Всё очень просто и логично.
Если даже допустить, что противник узнаёт о моих контактах с носителями “регров” спустя какое-то время и, вернувшись в прошлое, вынужден “принимать меры” к проболтавшимся “счастливчикам”, то как ему удается вычислить меня, несмотря на все мои камуфляжные ухищрения?
Иными словами, как Они распознают во мне хардера, невзирая на грим, изменение внешности с помощью голографии и прочие “шпионские” штучки? Нет ли во мне чего-то такого, что за версту кричит: “Это — переодетый хардер!”?..
Конечно, есть.
Эта штука вживлена в мой мозг и представляет собой такое инородное тело, которое вполне можно обнаружить при дистанционной интроскопии.
Она называется искейп, и нетрудно понять, почему я совершенно забыл о ее существовании: за всю свою жизнь я так привык к этому устройству, что теперь оно стало частью моего тела, частью моего “я”.
Но кто сказал, что это — неотъемлемая часть хардера?
Разве пример хардера Портура не свидетельствует о том, что можно жить и без искейпа?
Вопрос заключается лишь в том, сможешь ли ты и без искейпа остаться хардером.

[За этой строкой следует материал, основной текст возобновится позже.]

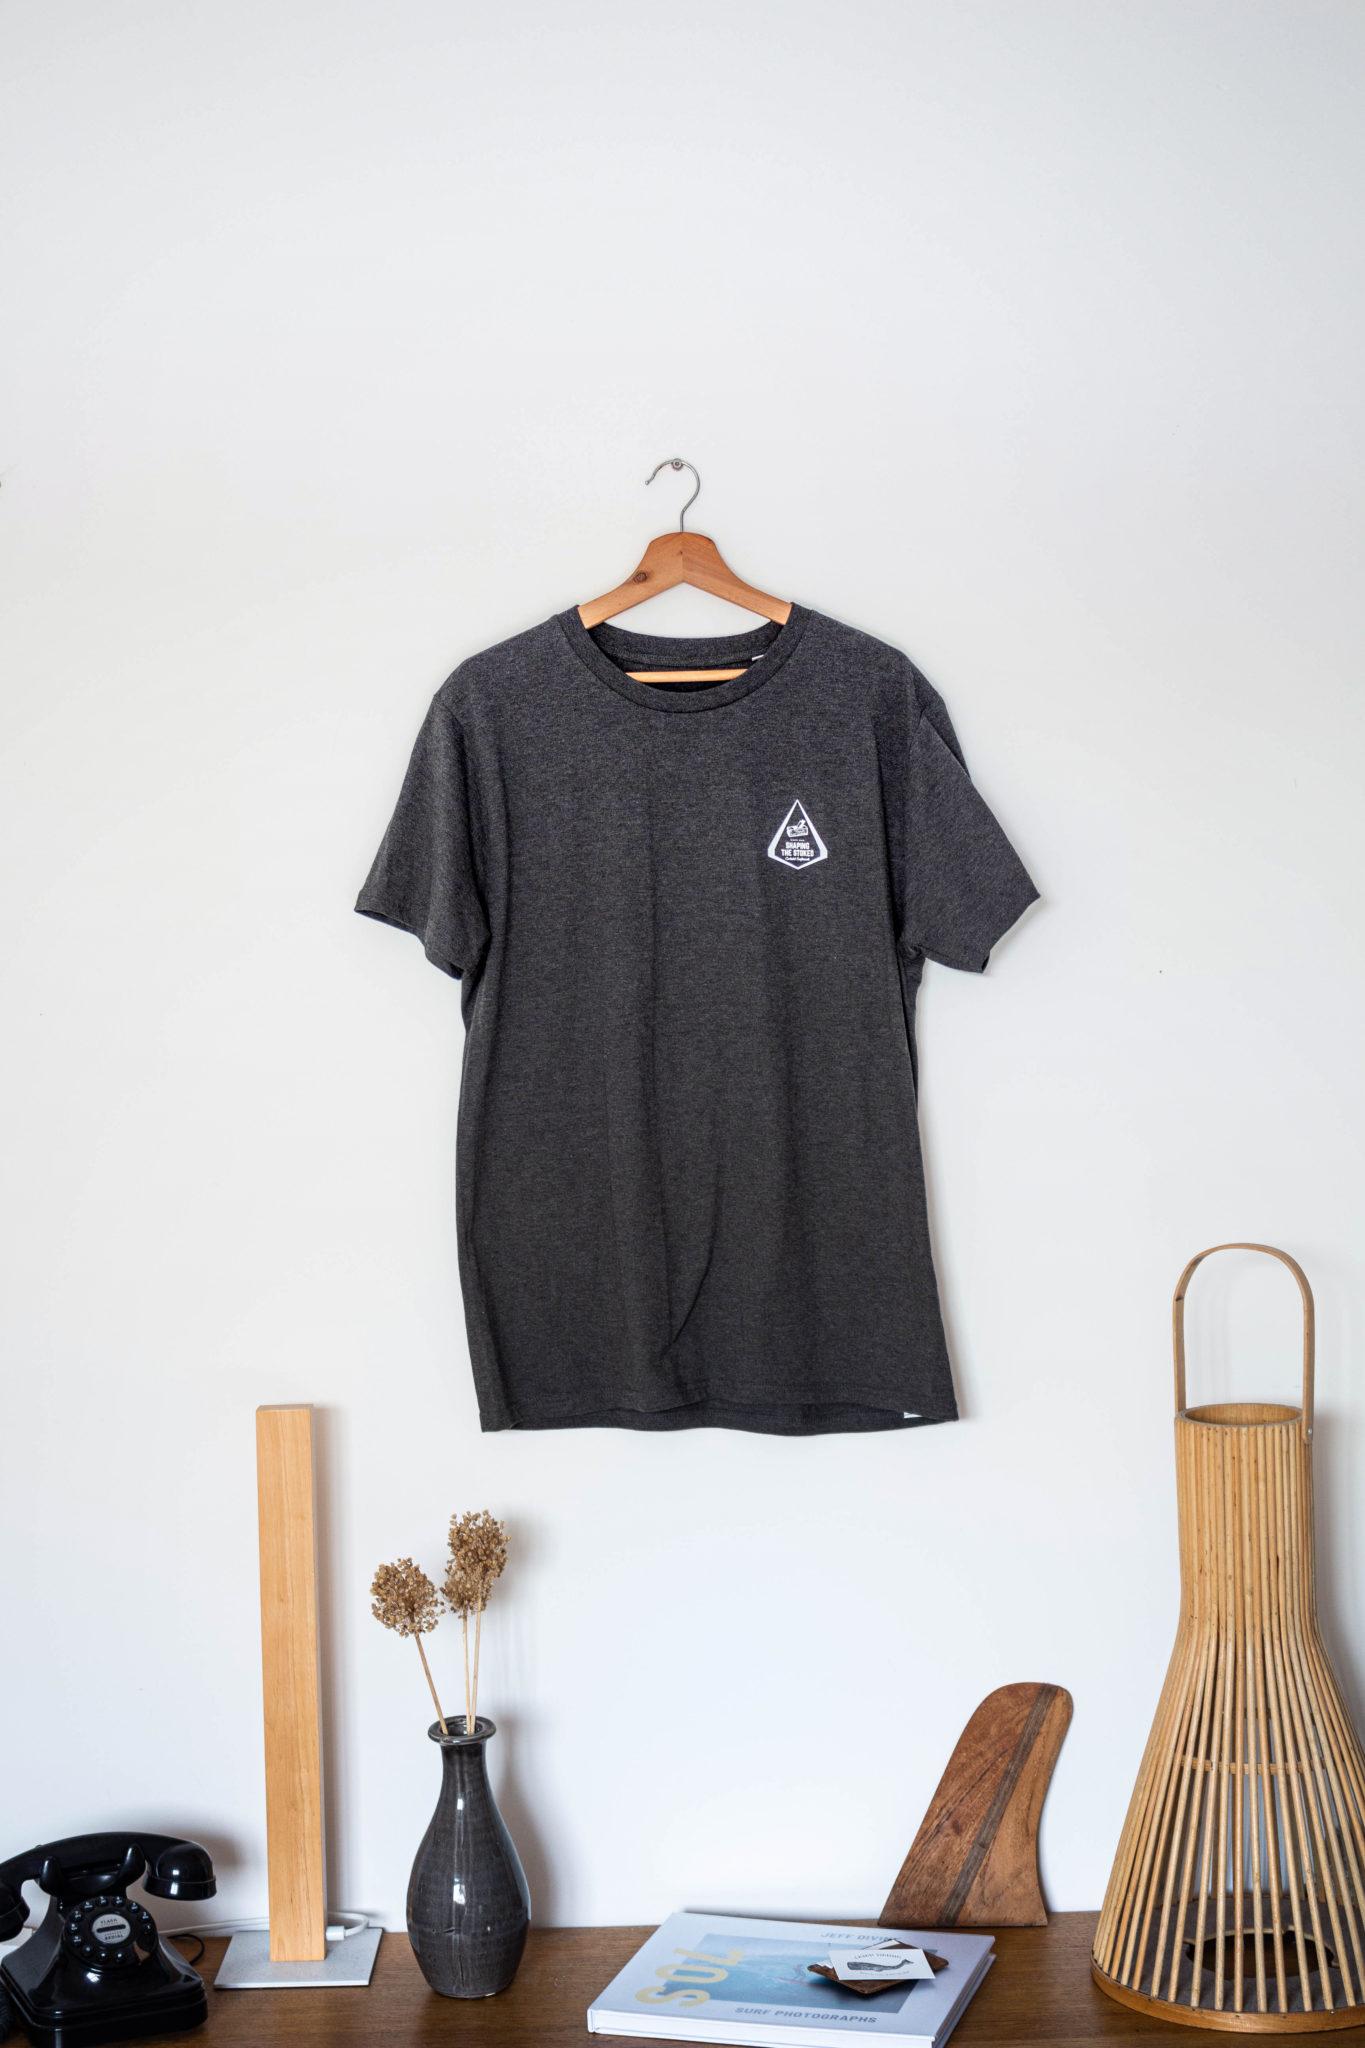 Cachalot Surfboards planche surf handmade artisan shaper hollow wooden collection textile teeshirt

И когда я отвечаю на этот вопрос самому себе, то немедленно отправляюсь в специализированную Клинику Щита.
Как и все прочие органы нашей организации, она представляет собой секретное заведение, о существовании которого знают только хардеры и те специалисты-медики, что практически безвылазно работают в искусственном городе на дне Индийского океана.
Искейпами в Клинике обычно занимается нейрохирург, имя которого обычным хардерам неизвестно. Он охотно отзывается на прозвище Авиценна, и можно лишь гадать, каким образом он согласился сотрудничать со Щитом, обрекая себя на заточение в подводно-медицинском царстве.
Собственно, об Авиценне, как и многие из моих коллег, я знаю лишь понаслышке: искейп вживляют в раннем детстве, и этой операции сопутствует глубокий наркоз с яркими галлюцинациями, поэтому я не уверен, что помню лицо профессора. Тем более, что этот облик может быть всего лишь следствием хорошо созданного голомакияжа…
Когда я попадаю в кабинет Авиценны, то убеждаюсь, что имидж выбран хирургом достаточно традиционный. Больше всего он походит на Эйнштейна: та же шапка седых волос и умный взгляд из-под кустистых седых бровей. Вот только голос образу пожилого ученого-исследователя не очень-то соответствует: насколько можно судить, он принадлежит человеку лет этак на двадцать моложе того возраста создателя теории относительности, который запечатлен на знаменитом портрете.
Выслушав меня, Авиценна не удивляется и не собирается разубеждать меня в принятом решении, как этого можно было бы ожидать.